The principle behind it is the Lean principle called “the rocks in the lake“:

The depth of the water may represent the size: when the water is high many rocks are hidden and these rocks represent weaknesses.
If we are able to keep the depth of the water low then we can see the rocks: the weaknesses are visible and we can start approaching and fixing them in the most appropriate way.

Let’s see the water and the hidden rocks one by one trying to identify how to keep the water low…. comments are welcome as usual.

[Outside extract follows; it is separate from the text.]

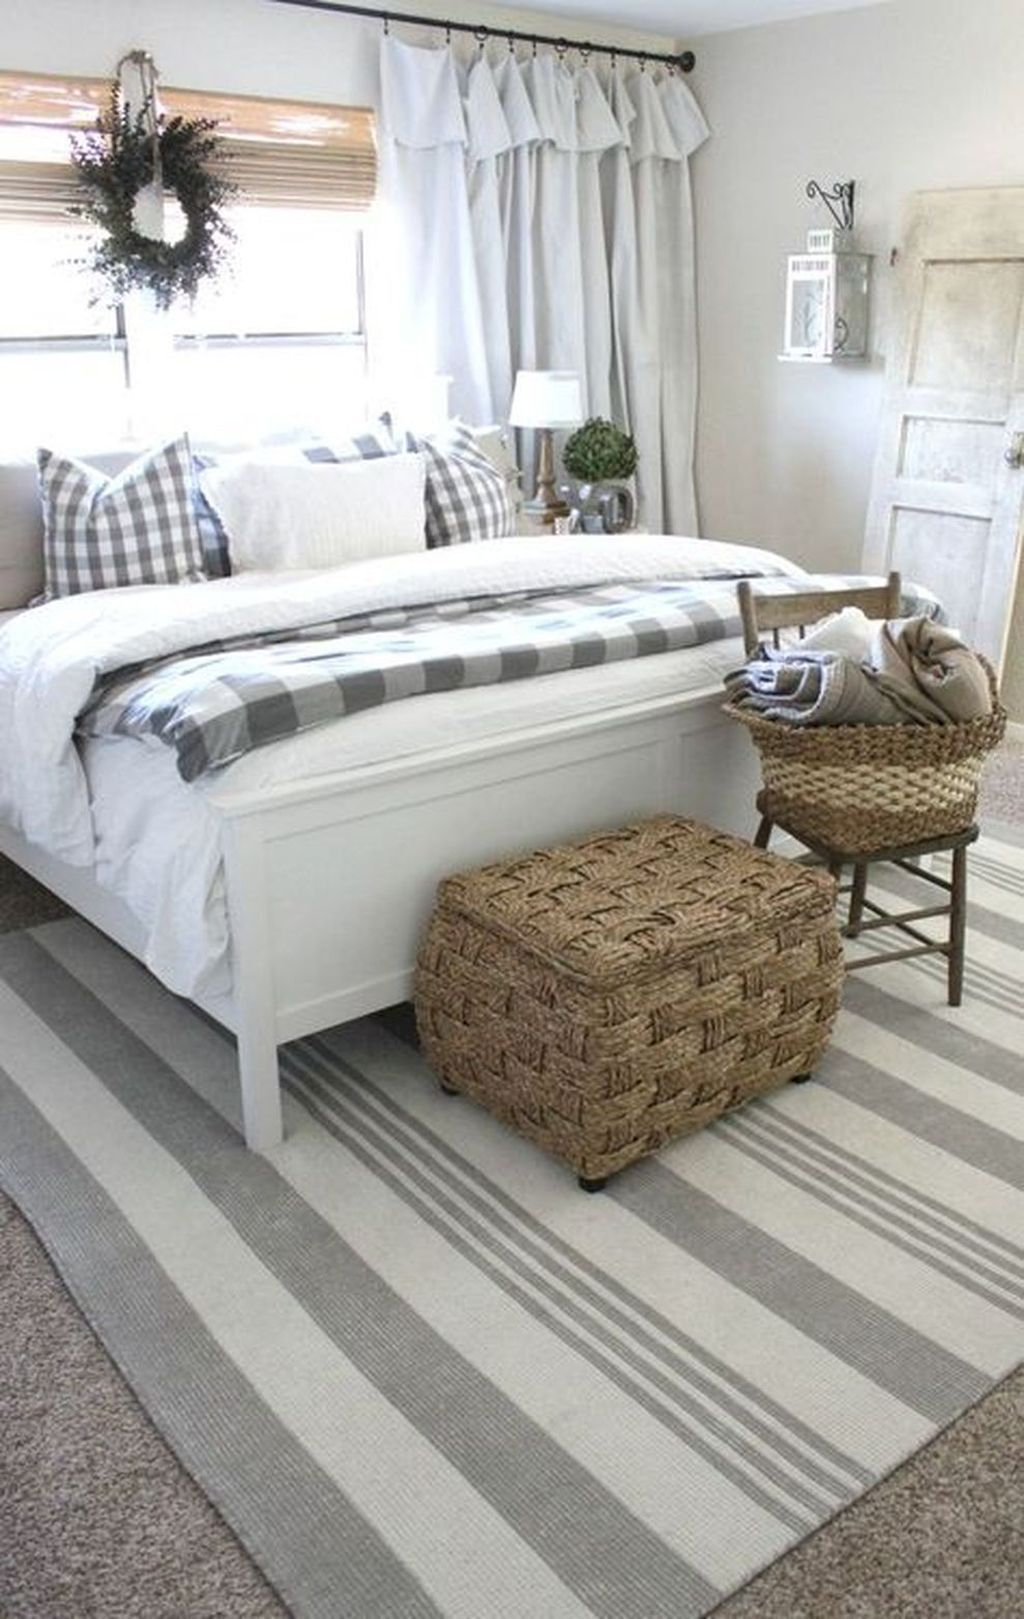 Bedroom Farmhouse Ideas Master Remodel Rustic Style 95 Rustic Master En 2020 Mobilier De Chambre A Coucher Meuble Chambre A Coucher Chambre A Coucher Principale

Water Rocks How to lower the water
TEAM Big team hides:

  • Guru effect
  • Sub-teams working separately
  • Poor team-working: boundaries between members and silent members following the others
  • Work redundancy and duplication due to the poor communication within the team
  • Keep the team small: max 5 members with a good mix of skills
ITERATION Long Iteration (or no iterations) hide:

  • Issues with integration and release process
  • Bugs proliferation (bad surprises close to the release time)
  • No clear commitments and accountability
  • Refuse to change (you can respond to change only after months)
  • Keep the iteration short: max 2 weeks with clear goal and a clear definition of DONE for the user stories
  • Continuous integration
RELEASE Long release hides:

  • Issues with integration and release process
  • No vision for the release: it’s hard to identify clear priorities
  • Keep the release short: max 4 months with clear goal and appropriate release planning
  • Continuous integration
USER STORY Big user story hides:

  • lack of integration: software is not integrated for weeks
  • lack of unit and integration testing strategy
  • poor confidence on work done in short period (2-3 days)
  • fear of commitments
  • lack of clear understanding of requirements
  • Split big user stories in smaller user stories: small here means with lower complexity and therefore with lower size.
  • Then each user story can be split in technical tasks short enough to guarantee confidence for commitments to the team
  • Continuous integration
MEETING Long meeting hides:

  • Team doesn’t like responsibility
  • People not able to communicate and take decisions
  • Keep meetings short (max 2 hours)
  • Choose a chairman that keeps the focus on the main topic, avoiding diverging
  • Prepare the agenda and close the meeting with a list of clear action items
BACKLOG Big backlog (also without priorities) hides:

  • Wishful thinking
  • No clear vision on release
  • Focus on few user stories that are candidates for the release: the rest can wait
  • Prioritize them
WIP
Items in progress like tasks or user stories for long time hides:

  • lack of unit testing
  • fear of integration
  • issues with design (lack of modular architecture, decoupling,…)
  • Split tasks in smaller ones
  • The whole team should work on one user story at time (if possible)
  • Continuous integration
INTEGRATION CYCLE Long cycles of integration hide:

  • lack of unit and integration testing strategy
  • issues with design (lack of modular architecture, decoupling,…)
  • Somebody says that the code should be left out of the repository no more than 15 minutes…
  • Continuous integration

Nice quick reference for Lean is Lean Primer by Craig Larman and Bas Vodde.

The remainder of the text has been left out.